Sketchbook Prompt #6 - Drawing plants of course. For almost 2 years now I have been using pretty much only gouache in my sketchbooks. The reason was I was trying to become more comfortable and create a sense of ease with that media. Before then I usually drew in micron pens. I love lines, and really for me it doesn't matter how those lines show up as long as they get there. I wanted to go back to my roots (yes the pun is intended) and use the pen. I also wanted to talk about how for me, I visually select what I will leave out and what will stay and that helps me create a clean lines. Lastly, you will see some book recommendations that I strongly suggest. One of them is even from our local library, one is about to be a gift and the other two I own. I am said about parting with some of these books, they are all really great.
- Micron pens. I suggest getting several different tip sizes. .03, .05, .08. This will help vary the line without you having to push hard and do it yourself.
- sharpie fine line and and ultra fine. These are great when you want to darken an area and you don't want to use up your micron pens.
- Faber Castell PITT artist brush pen. Creates a stroke like when you use a brush, this can be a bit more freeing.
- images of plants
How to get started;
- I can often become overwhelmed when looking at a plant to draw. I am not going for realism but naturalism. I am concerned with capturing the personality of the plant and perhaps what it is, but not something that is photorealistic. I like to eliminate areas that just are not needed for me to create this image to be satisfying.
- I will look at what the most memorable parts are of the plant, what is needed to be revealed to capture it's identity. I often eliminate some of the foliage, perhaps isolate it from other plants, create a new pot or stand for it. I may even exaggerate it.
- I sometimes use a pencil first, not always to get a sense of where things will go. After that I let my pen go at it.

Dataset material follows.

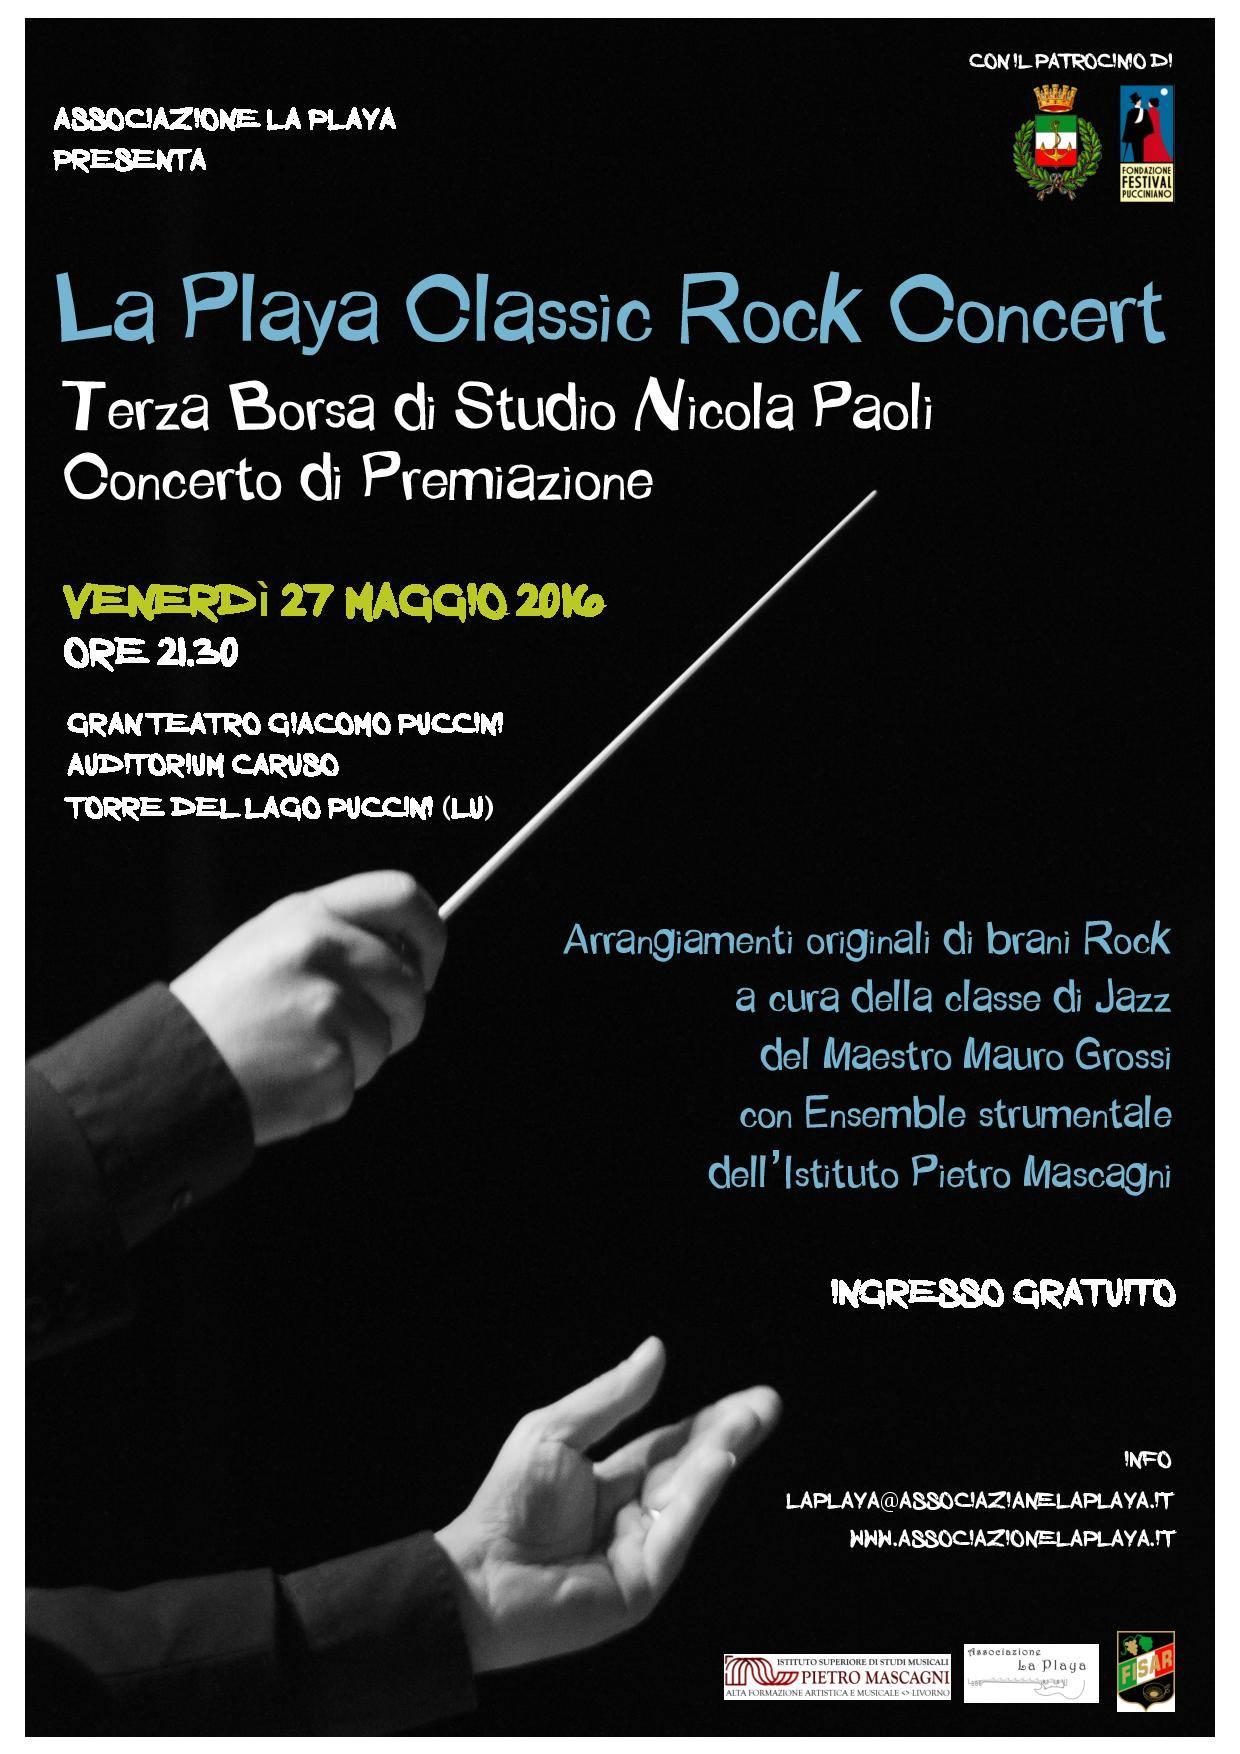 La playa Classic Rock Concert 2016

- Think about where the pot hits the ground, lines will be darker, when anything hits each other you can capture that tension with dark lines. Dark lines show weight. When trying to create a feathery feel try to touch hard when putting your pen down and the lighten up as you make the mark. The value of the line will change.
- Play with line quality. Scratchy, scribbly, hatching, dots, parallel lines, rough lines, smooth lines, thick lines.
- Importantly, have fun. I also find this activity relaxing, drawing and looking at book, what could be better? Oh I know, windows open with a warm cup of tea. Enjoy.